Given data —
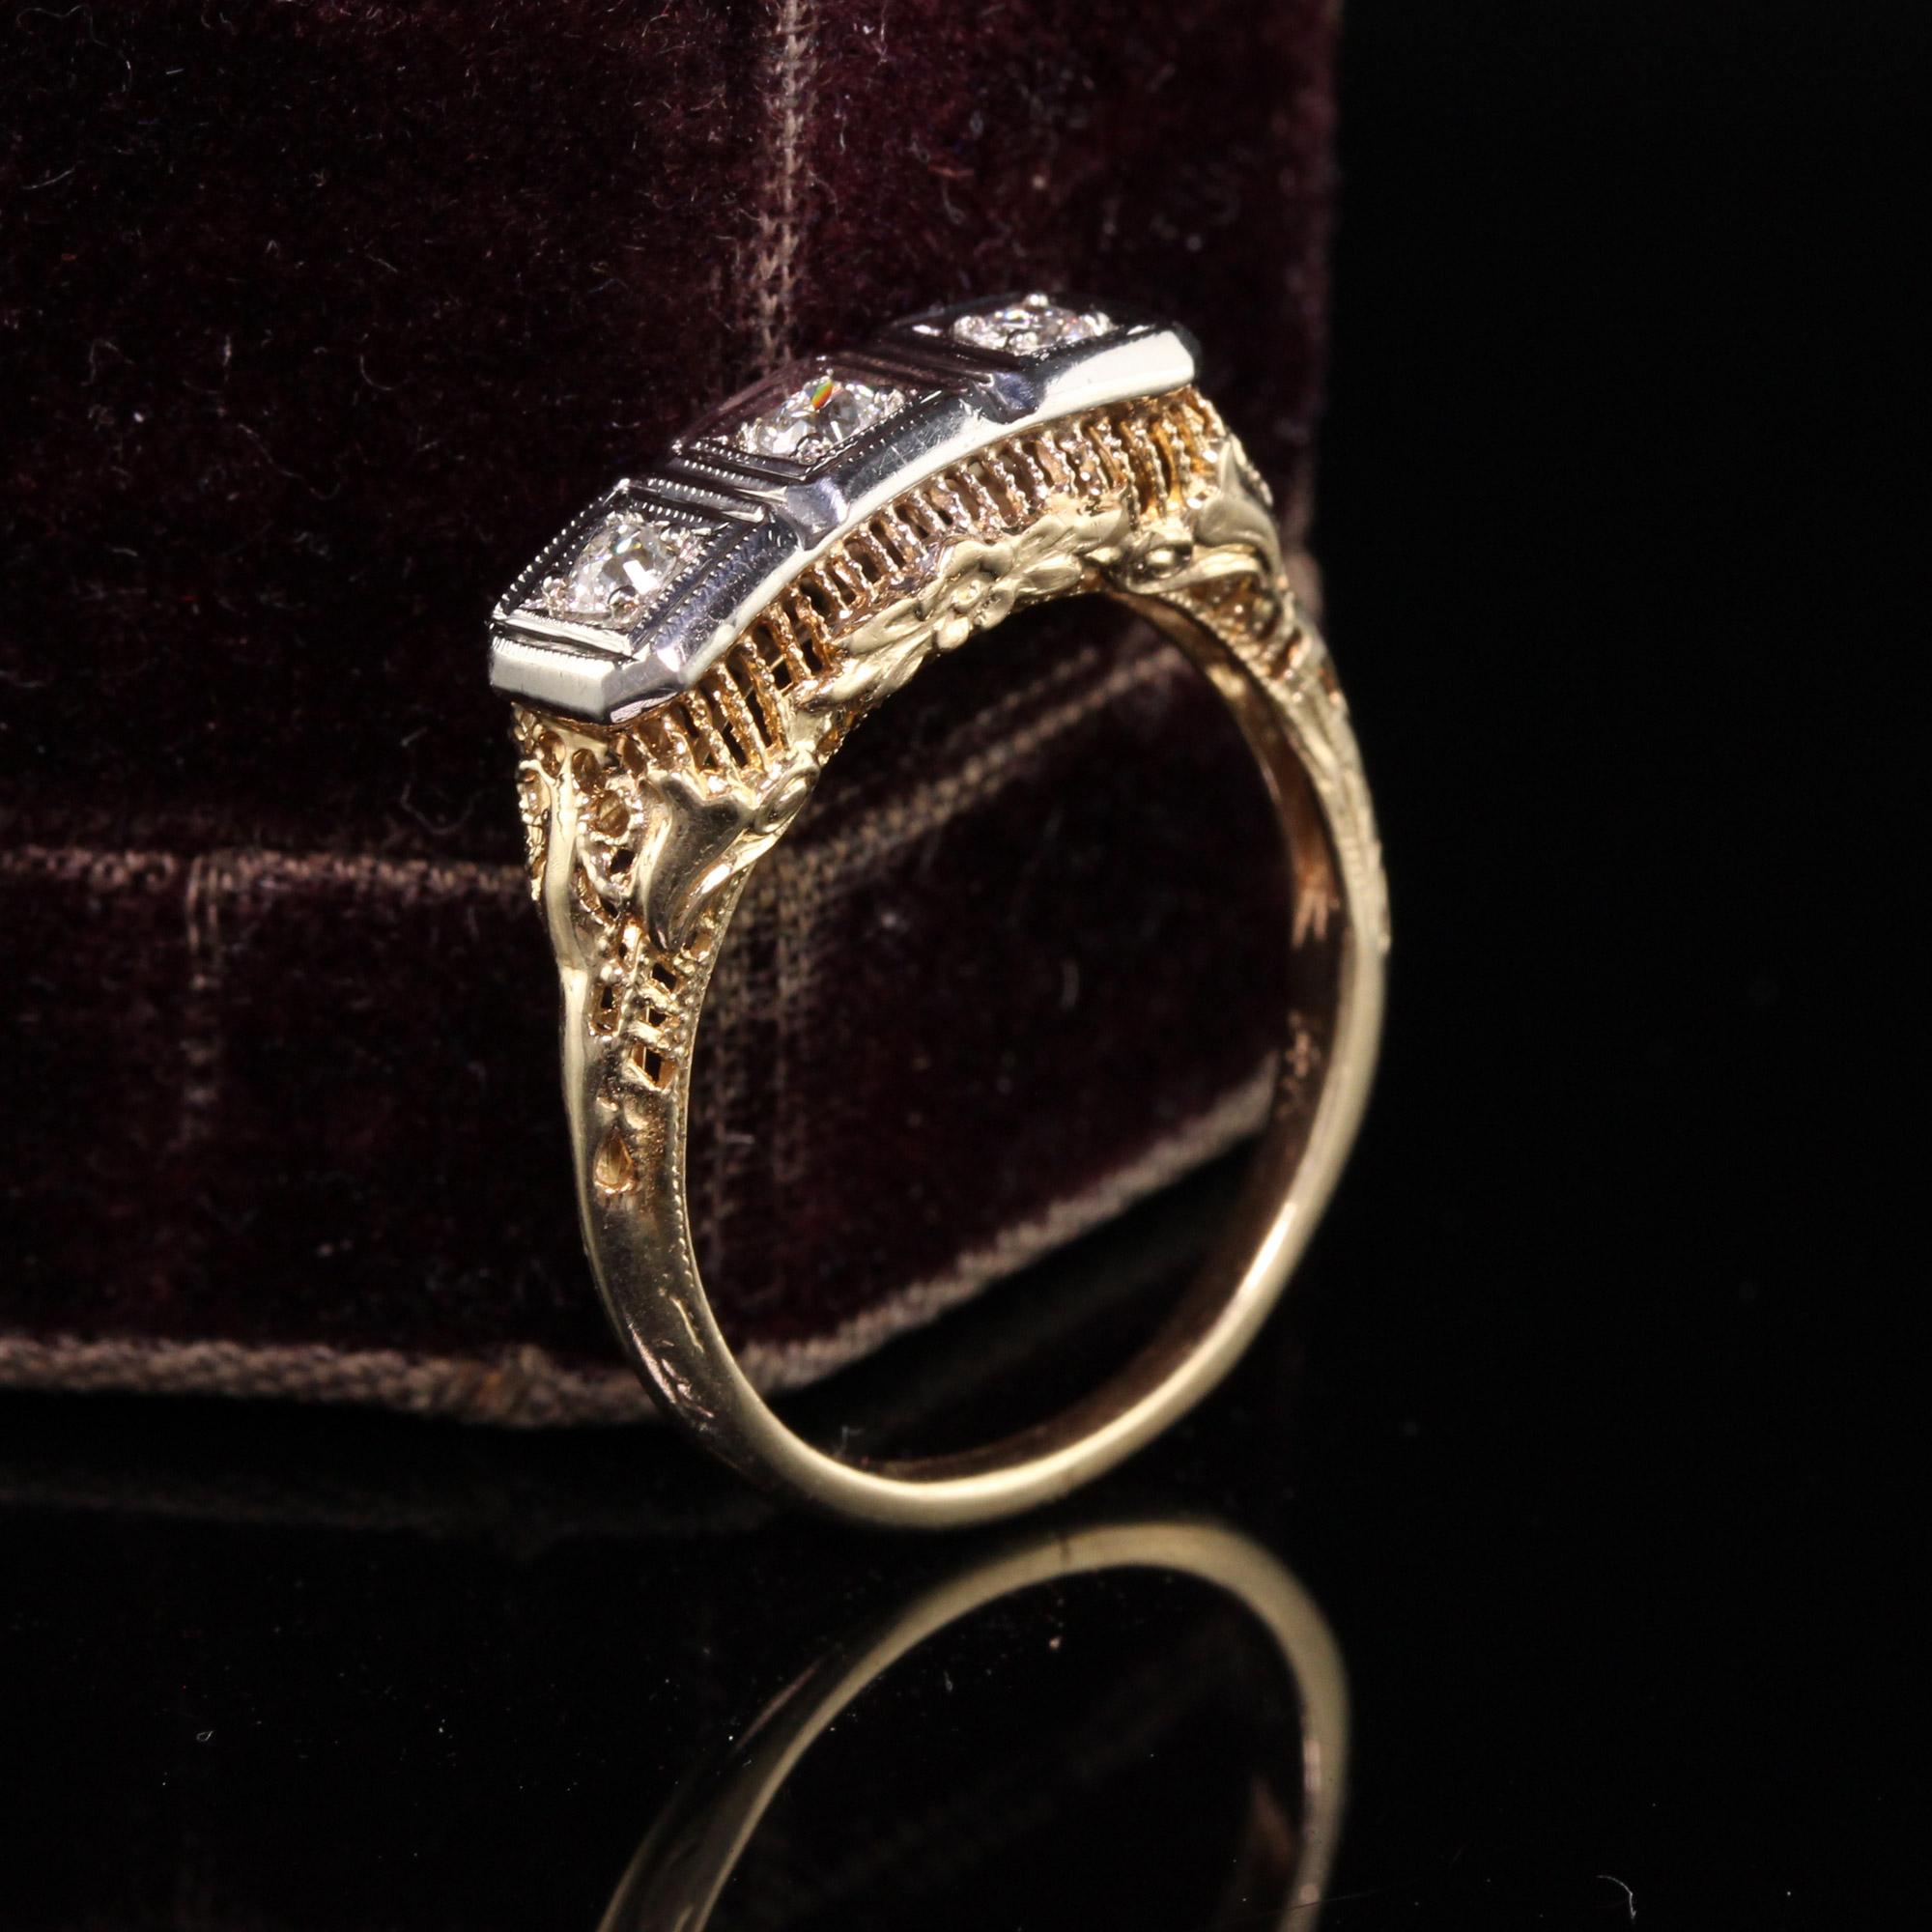 Beautiful Antique Art Deco 14K Yellow Gold Three Stone Diamond Filigree Ring. This gorgeous ring is in incredible condition and features 3 old european cut diamonds on the top.

Item #R0909

Metal: 14K Yellow Gold and White Gold Top

Weight: 2.8

Instructions for the task —
Give back the material exactly as written, images excluded.

Output for this exercise —
 Beautiful Antique Art Deco 14K Yellow Gold Three Stone Diamond Filigree Ring. This gorgeous ring is in incredible condition and features 3 old european cut diamonds on the top.

Item #R0909

Metal: 14K Yellow Gold and White Gold Top

Weight: 2.8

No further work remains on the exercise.